The most sought-after event of the first day of Milan Fashion Week was certainlyGucci—despite the fashion house not actually holding a runway presentation. Instead, creative director Demna shared an initial glimpse of his concept for the brand through a film and organized a celebrity-filled premiere for the event, which was attended by figures such as Gwyneth Paltrow, Serena Williams, and Lila Moss.

Directed by Oscar-winning Spike Jonze and Halina Reijn, the short film is titledThe Tiger, and features Demi Moore, Alex Consani, Kendall Jenner, Elliot Page and other prominent names, forming the members of an alternative-reality Gucci family. Naturally, they are all dressed in outfits from Demna’s latest collection, cleverly titled ‘La Famiglia’, which was unexpectedly revealed on Instagram just a day before, and that, even more surprisingly, will be available for purchase starting 25th September.

Subtle Elegance at Alberta Ferretti

This marked Lorenzo Serafini’s second collection as creative director for Alberta Ferretti, showcasing his ability to steer the brand confidently into the future. For the Spring/Summer 2026 season, he drew inspiration from the concept of a “progressive hostess,” defined in the show notes as “a woman who manages her lifestyle to remain beyond judgment,” and who “chooses discretion over exposure, and intimacy over exhibition.” In other words, someone who understands that privacy is the ultimate luxury, and who avoids the ever-connected, showy behavior prevalent today.

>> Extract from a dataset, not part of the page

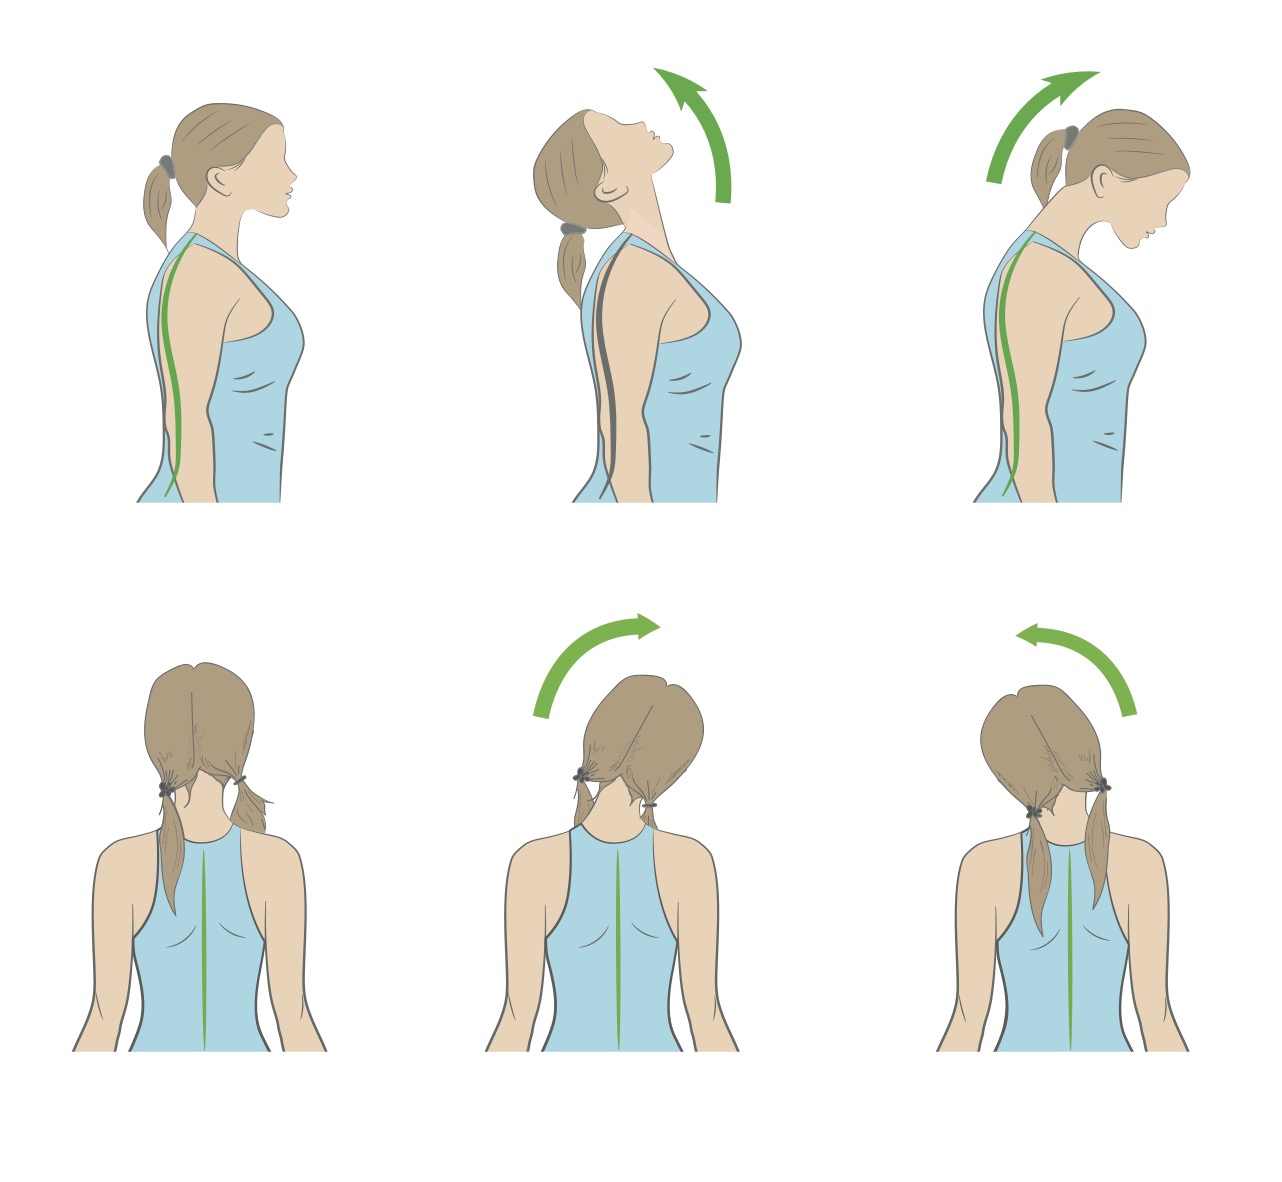 How To Fix A Pinched Nerve In Neck - 5 Exercises For Relief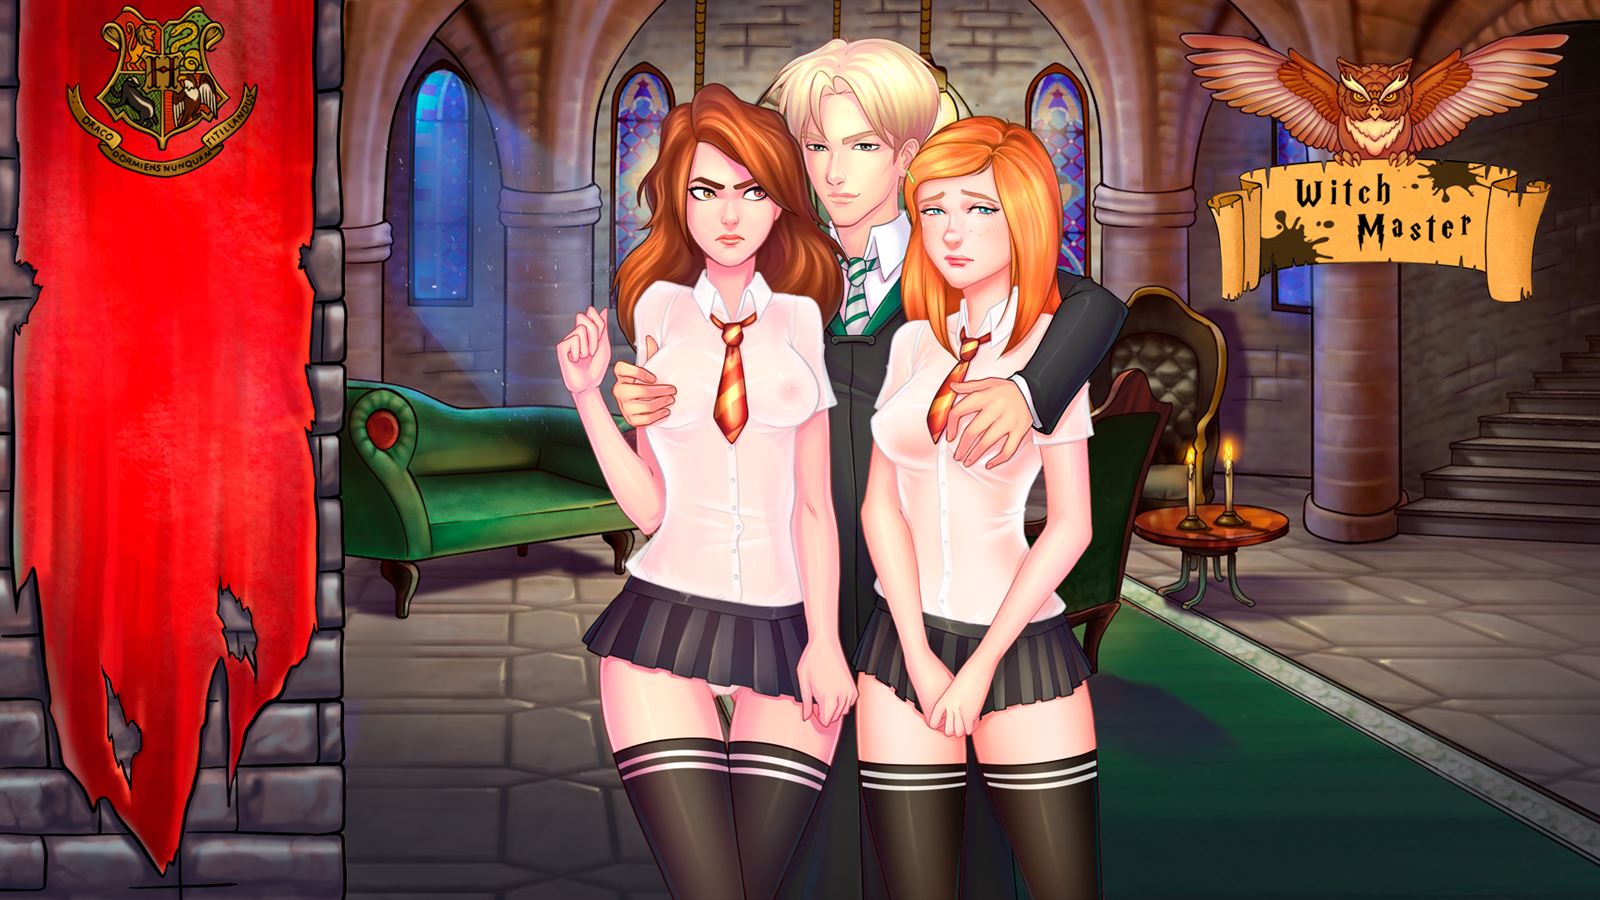 Witch - Witch Master Ren'Py Porn Sex Game v.0.1.9 Download for Windows, MacOS,  Android

The final collection? Subtly stunning, gracefully flowing, clothing centered around neutral tones that stylish, affluent women would genuinely desire to wear. Draped and pleated dresses evoked the imagery of classical Greek sculptures, and the tailoring was similarly soft and airy, while a touch of excitement was introduced through leopard patterns, metallic hues, blood-red and cobalt-blue handbags, as well as occasional, subtly alluring glimpses of skin.

Diesel’s Egg Hunt

Diesel began Milan Fashion Week with a unique pop-up display located in the center of the city, featuring models positioned inside transparent egg-like structures. This approach offered a more personal way to showcase their latest collection, as opposed to a typical fashion show, allowing guests to view each outfit up close. Consider: vibrant lime green and purple jeans, fabrics resembling spray paint with a cracked texture, and small floral patterns paired with structured jackets, pencil skirts, and sophisticated accessories. The general public was also encouraged to join in, participating in an interactive ‘egg hunt’ throughout the city to engage with the collection firsthand.